Published benchmarks and ablation studies converge on several enduring challenges and directions:

  • Dynamic context management: Further advances are needed for scaling memory, minimizing context pollution, and efficiently representing dialogue for retrieval and generation under tight context budgets (Soni et al., 5 Jun 2025, Zhang et al., 19 Feb 2025).
  • Hallucination and abstention: Improved answerability classifiers—incorporated as "IDK" judges or faithfulness scorers—are required to increase model reliability on unanswerable or ambiguous queries (Katsis et al., 7 Jan 2025).
  • Unified retriever–generator optimization: Current systems often treat retrieval and generation as distinct components; joint or RL-based optimization remains underexplored (Cheng et al., 30 Oct 2024).
  • Domain and modality transfer: Transferring multi-turn RAG to new domains (legal, technical, egocentric visual), complex toolflows, and cross-lingual/multimodal environments reveals bottlenecks in both retrieval and generative grounding (Li et al., 28 Feb 2025, Wang et al., 30 Oct 2025).
  • Evaluation scalability: Human evaluation is highly reliable (FANC scoring ≥90% agreement) but not scalable; automated LLM-Judge and reference-less metrics are critical for progress (Katsis et al., 7 Jan 2025, Li et al., 28 Feb 2025).

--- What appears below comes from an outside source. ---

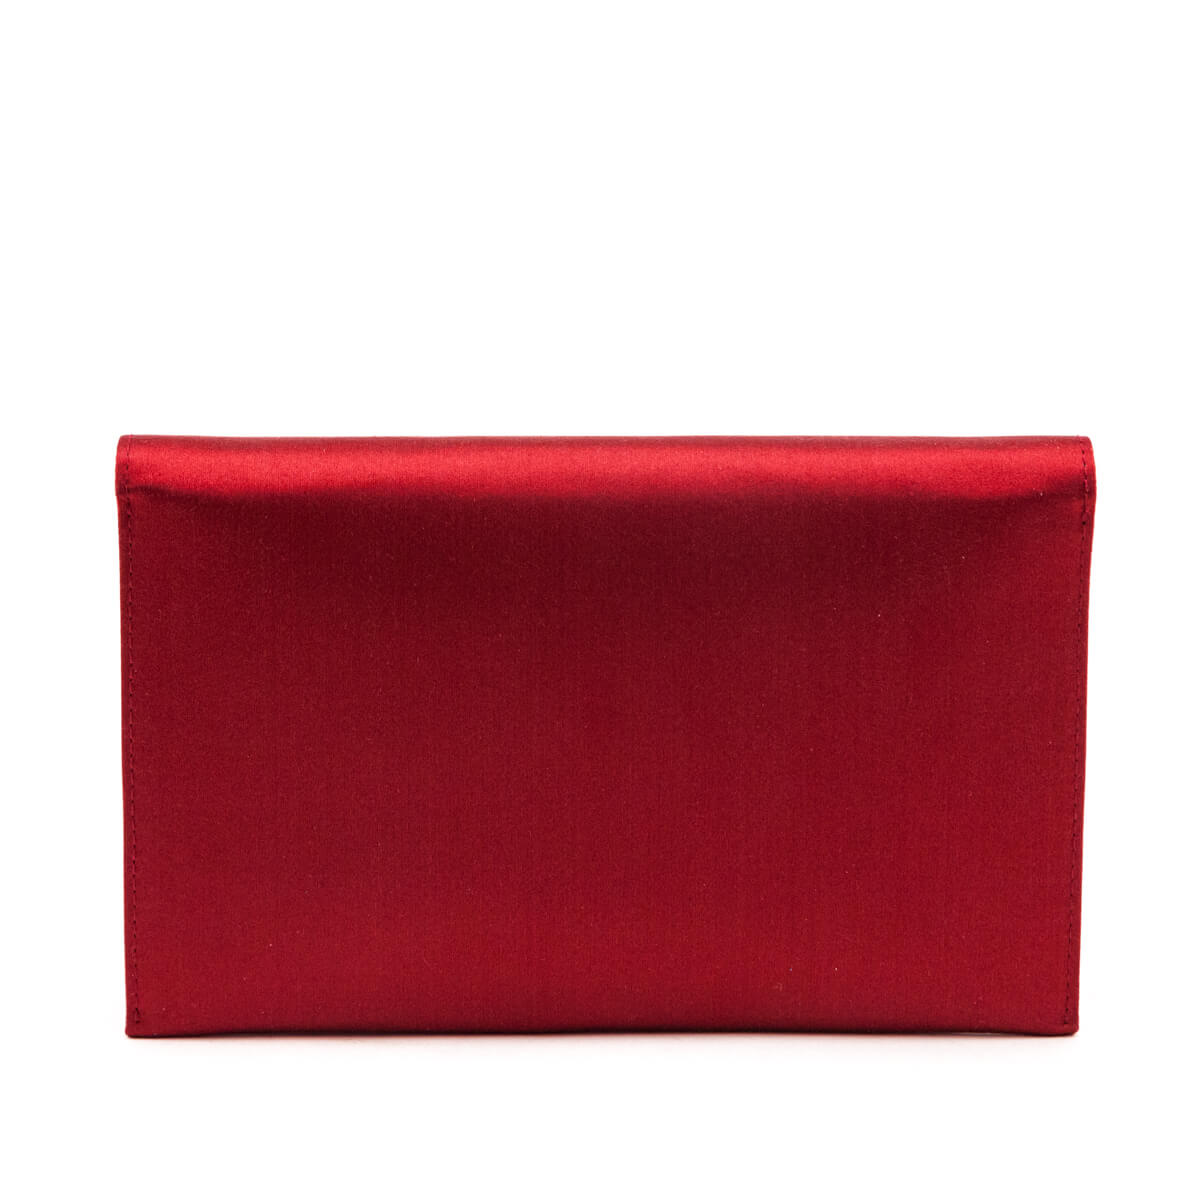 Judith Leiber Red Satin Bow Envelope Clutch - Love that Bag etc - Preowned Authentic Designer Handbags & Preloved Fashions
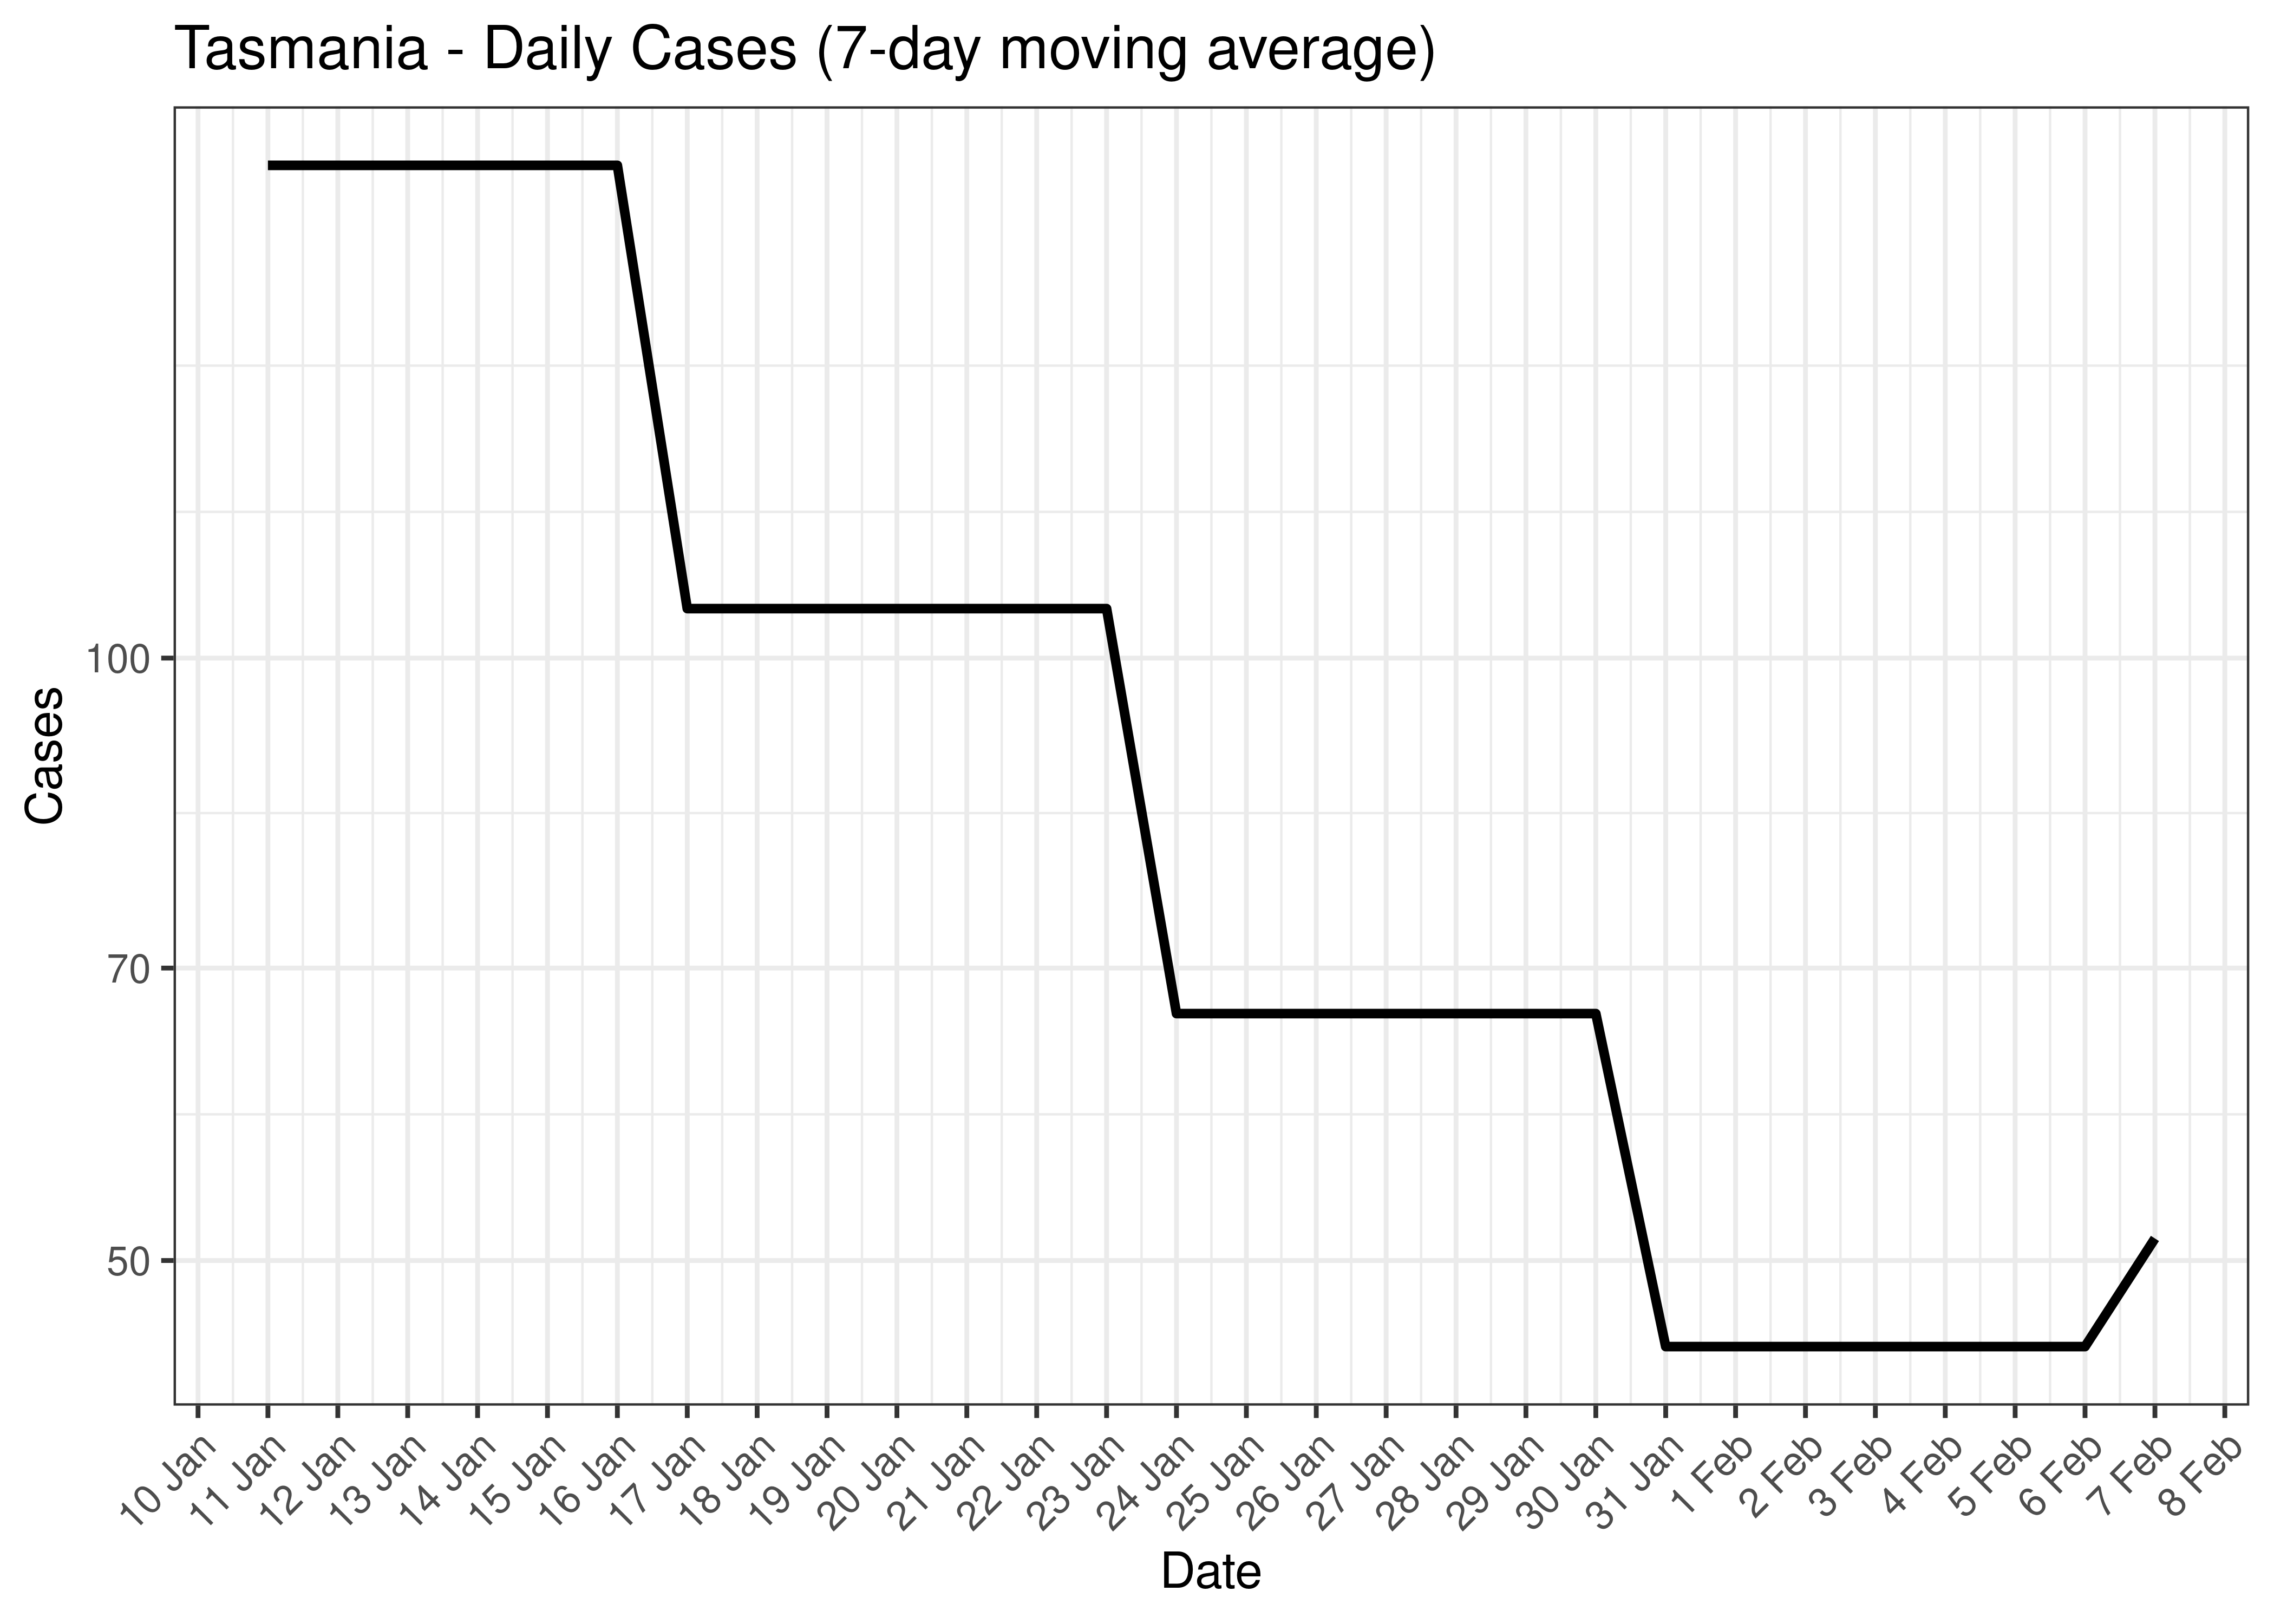 Tasmania - Daily Cases for Last 30-days (7-day moving average)

  • Compositional multi-agent and hybrid systems: Modular, agent-based orchestration enables fine-grained reasoning control and interpretability but presents new interface and efficiency bottlenecks (Nguyen et al., 26 May 2025, Zhang et al., 25 Feb 2025).

A plausible implication is that scalable multi-turn RAG progress will be driven by advances in dynamic context handling, multi-hop/agentic integration, unified retriever–generator co-optimization, and formal benchmarking across richer modalities and domains.